● Assignment
Everything from the line with "In writing I" to the line with "true vintage: collecting" in the listing below, both lines included, needs to be copied exactly, apart from the pictures.

● Exercise materials
-------

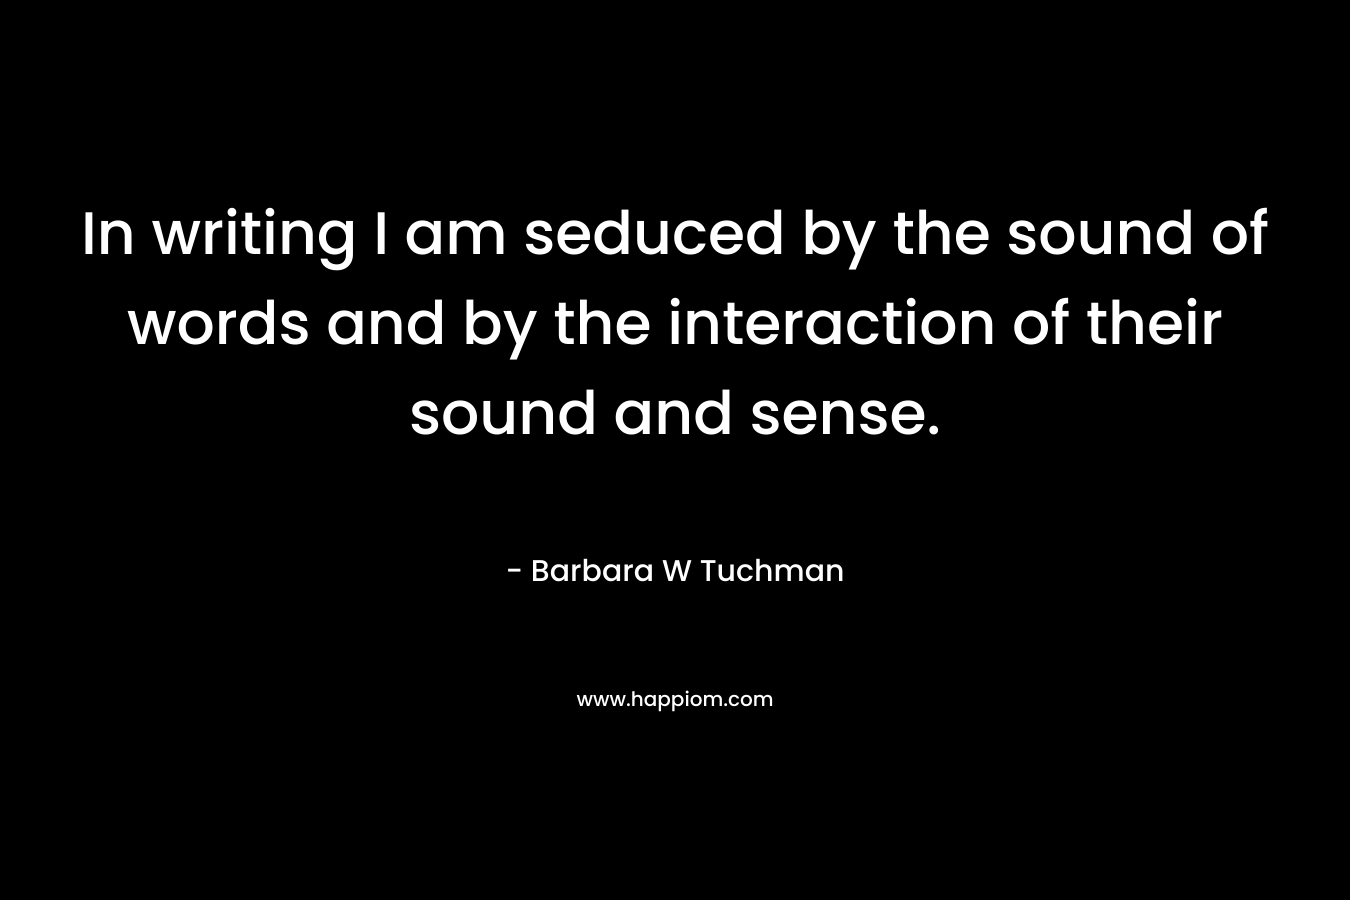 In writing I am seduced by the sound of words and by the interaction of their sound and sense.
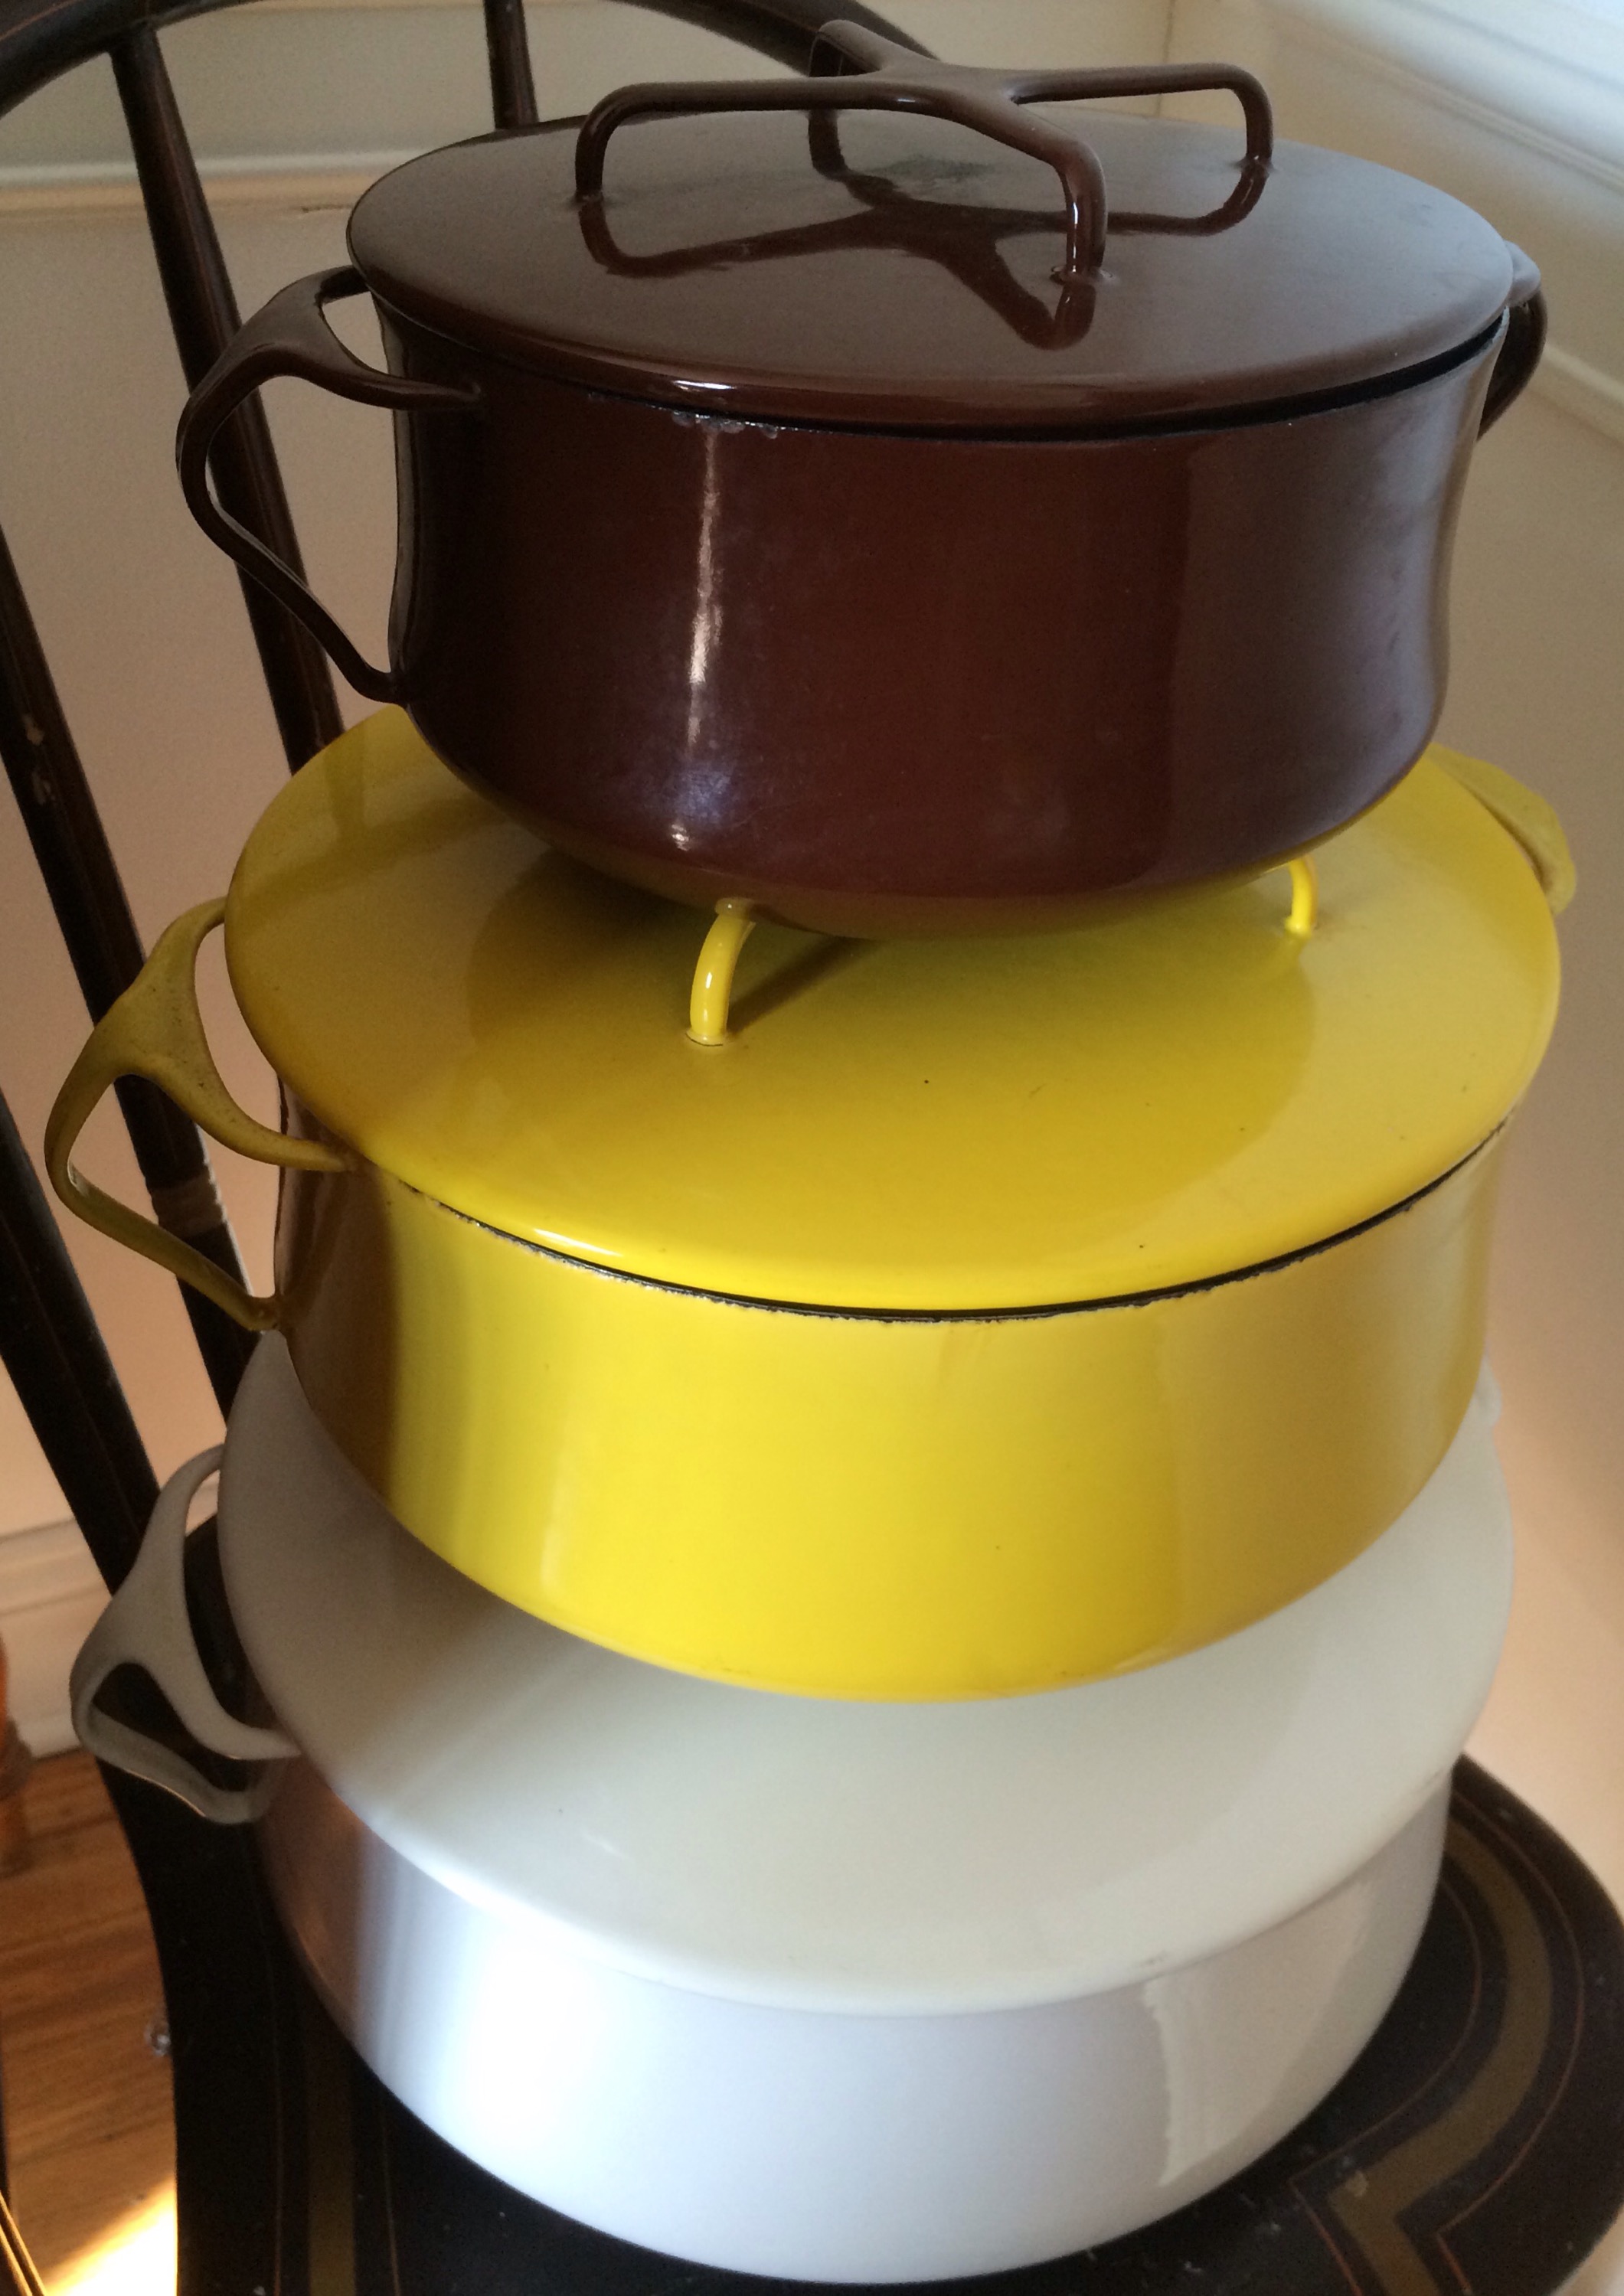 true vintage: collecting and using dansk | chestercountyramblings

-------

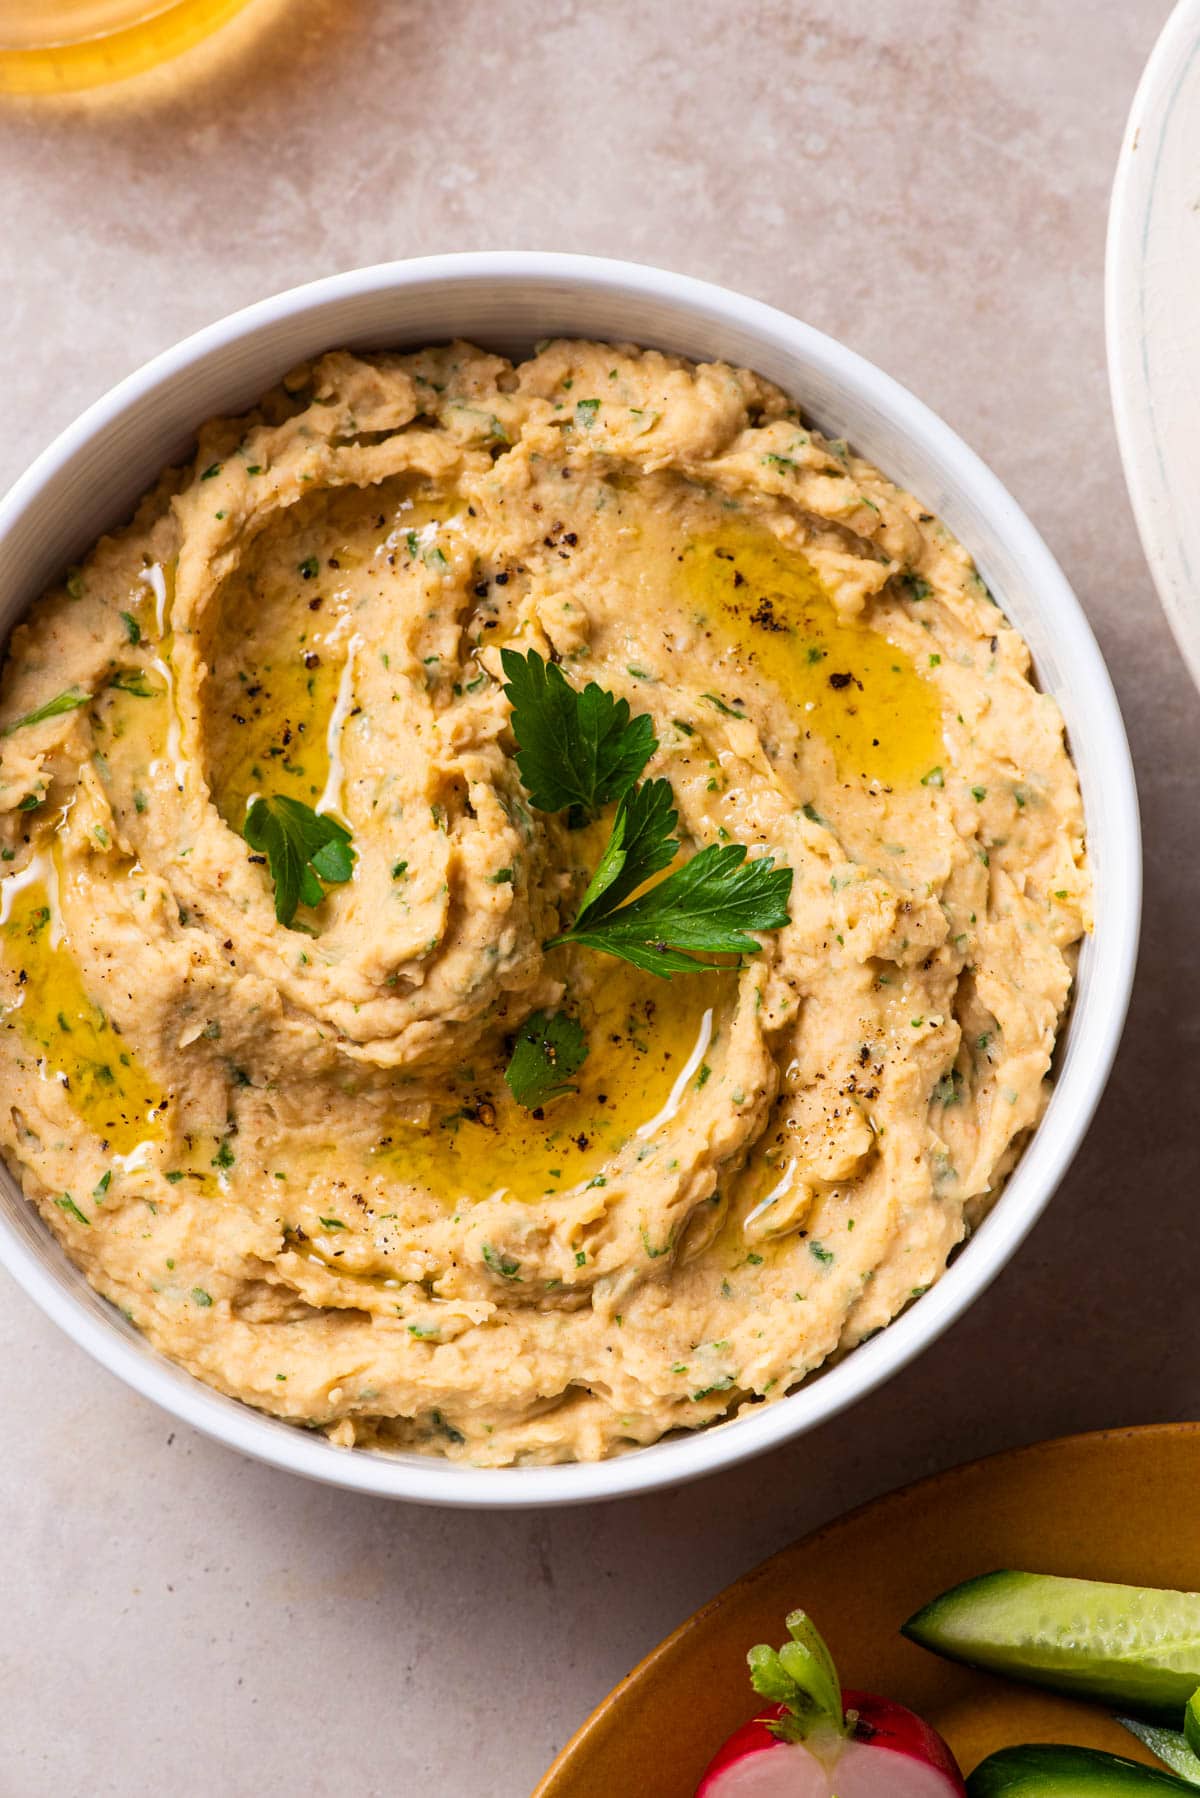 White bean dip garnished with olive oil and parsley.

-------

● Exercise solution
 In writing I am seduced by the sound of words and by the interaction of their sound and sense.
 true vintage: collecting and using dansk | chestercountyramblings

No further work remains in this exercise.